Few compounds have ability to unzip the DNA. They intercalate between the minor and major groove and attach non-covalently with the walls of DNA. With the help of intercalative rings these compounds interact with the adjacent base pairs either in parallel or perpendicular ways which unwind the DNA helix by an angle less than 36°(36° is the angle between two adjacent base pairs). The value of angular rotation depends on the type of intercalating agent such as DNA alkylating agents unwinds the DNA by bending and flipping. On the basis of kind of type intercalation we can categorize them in two groups : mono- or bis- intercalators.

  1. Mono intercalating Compounds. These compounds have ability to intercalate in dsDNA or ssDNA. Example of such compounds are as follows: Acridine orange (AO), Formaldehyde, Diethylpyrocarbonate (DEPC), Ellipticine and adriamycin. Acridine orange (AO): When AO binds with the dsDNA it gives green fluorescence and gave red fluorescence while interacting with ssDNA and subsequently reduce the Tm even by 5-10 °C. Similarly, Ellipticine and adriamycin induce unwinding of the DNA helix and also reduce the Tm by approximately 5°C.
  2. Bis-Intercalating Agents. Bis –intercalating agents such as bis-acridine A, also have ability to unzip DNA. They have two intercalating core which are linked by polyammonium bridge. The bridge (polyammonium) destabilize the equilibrium of dsDNA and shift it towards ssDNA. Moreover in presence of light these compounds can induce photocleavage.
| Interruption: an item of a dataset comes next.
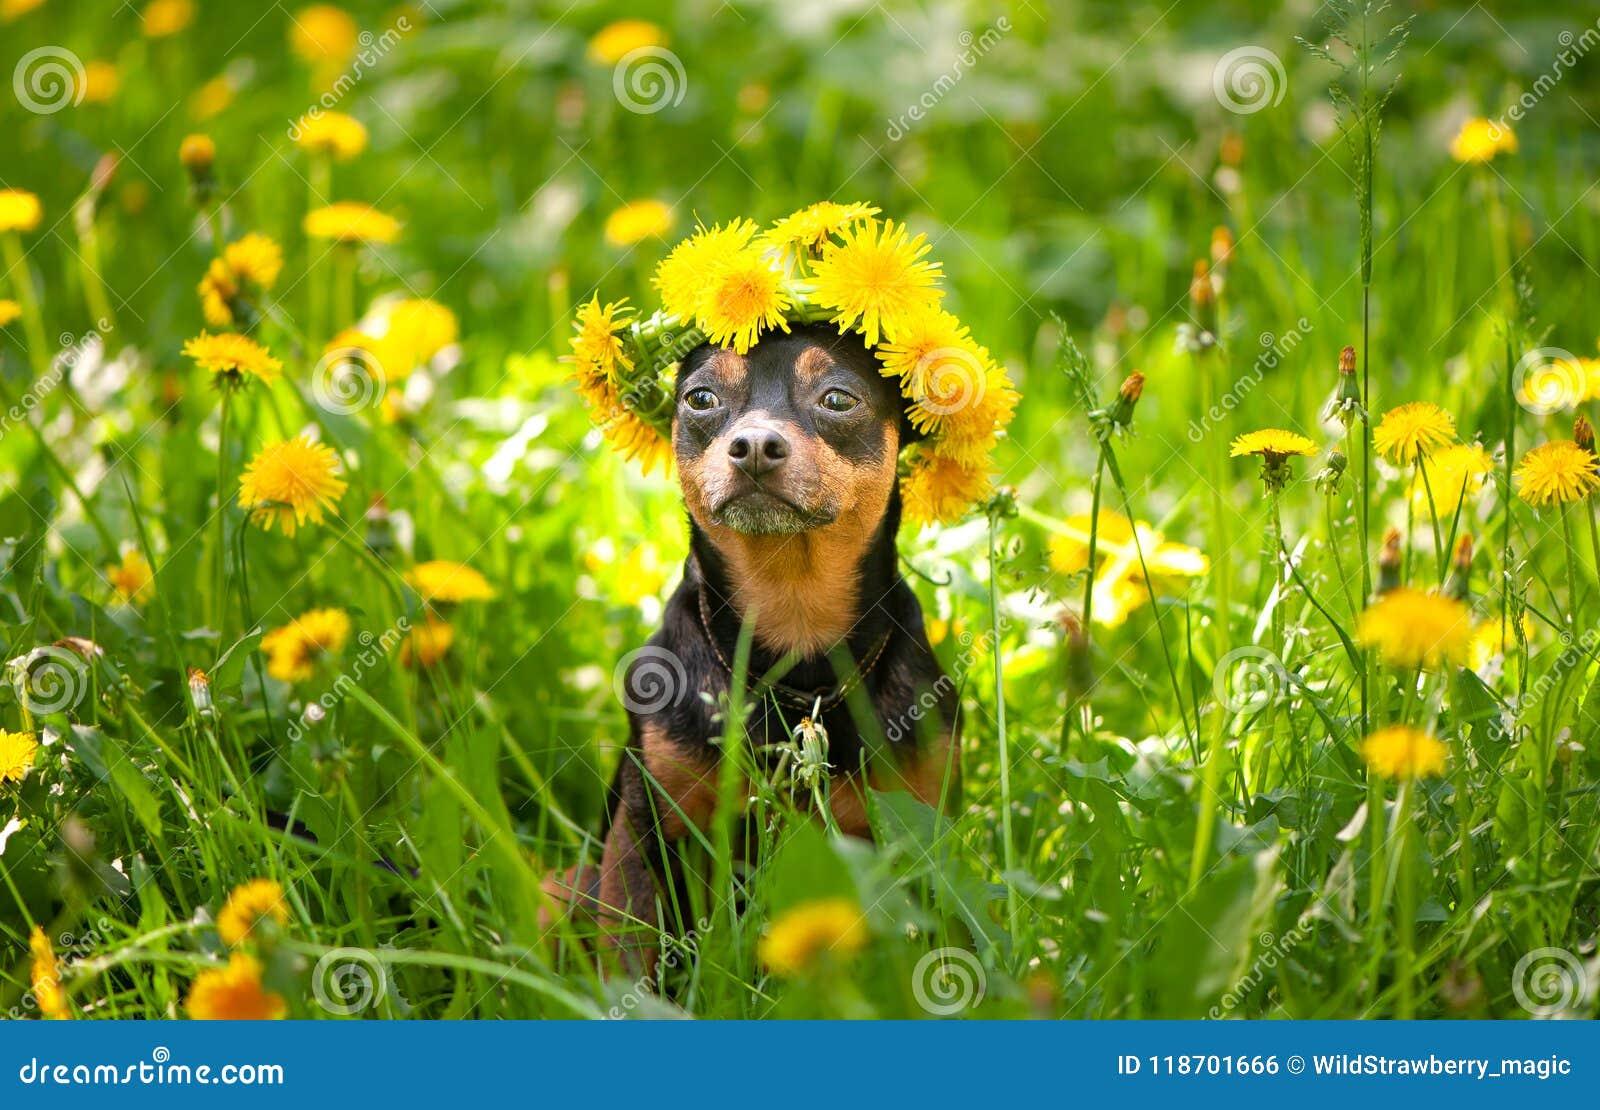 Le chiot d ute de ¡ de Ð, un chien dans une guirlande de ressort fleurit sur une floraison

Physical method of DNA denaturation

 

Physical denaturation of DNA can be done by heating, beads mill, indirect and direct sonication described below.

 

Heating

 

Two different methods i.e heating only and heating with cold shock can be used to denature the DNA. During the heating process the energy of heat is utilized to pull the two strand of DNA apart making it single stranded. The temperature needed to pull two strands apart is the melting temperature (Tm). The melting temperature of DNA depends on the length and the composition of DNA. DNA with higher GC content usually has higher Tm due to presence of triple bonds between GC. The quantitative analysis of Tm of any naturally occurring DNA can be calculated by following formulae :

 

Tm = 81.5 oC + 0.41 ( % GC ) + 16.6 log [Na+ ]

 

However for short DNA hybrids, the formula is:

 

Tm = 2 oC (A+T) + 4 oC (G + C)

 

When we raise the temperature the double stranded DNA tend to dissociate which increase the absorbance at 260 nm this is called hyperchromicity (Fig 2). The denaturation of DNA can be implemented to identify the single nucleotide polymorphism. This information can also be used to know the nature of interacted material. For example certain intercalators intercalate between the DNA, interact with base pairs through pi stacking resulting in DNA stabilization which increase the Tm of DNA. Similarly, increasing salt concentration reduces the negative repulsion arises between the phosphate of DNA which leads to a raise in its melting temperature. Contrarily, pH shows negative effect on the stability of DNA and hence melting temperature decreases.

 

Fig: 2 Hyperchromic shift

Indirect and direct sonication

 

Denaturation by sonication either direct or indirect separated DNA with same mechanism. The movement of shock waves increase the random movement of molecules present in the medium, this generates the energy transfer which is used to denature the DNA. In case of indirect sonication the sound wave reach to the DNA by a medium such as ionized water, while in direct sonication the probe immersed directly in the solution containing DNA. However, denaturation by sonication is the combinational effects produce by heating as well as sound waves. According to Davis and Phillips DNA did not denature if we do sonication at lower temperature such as 0 – 2°C.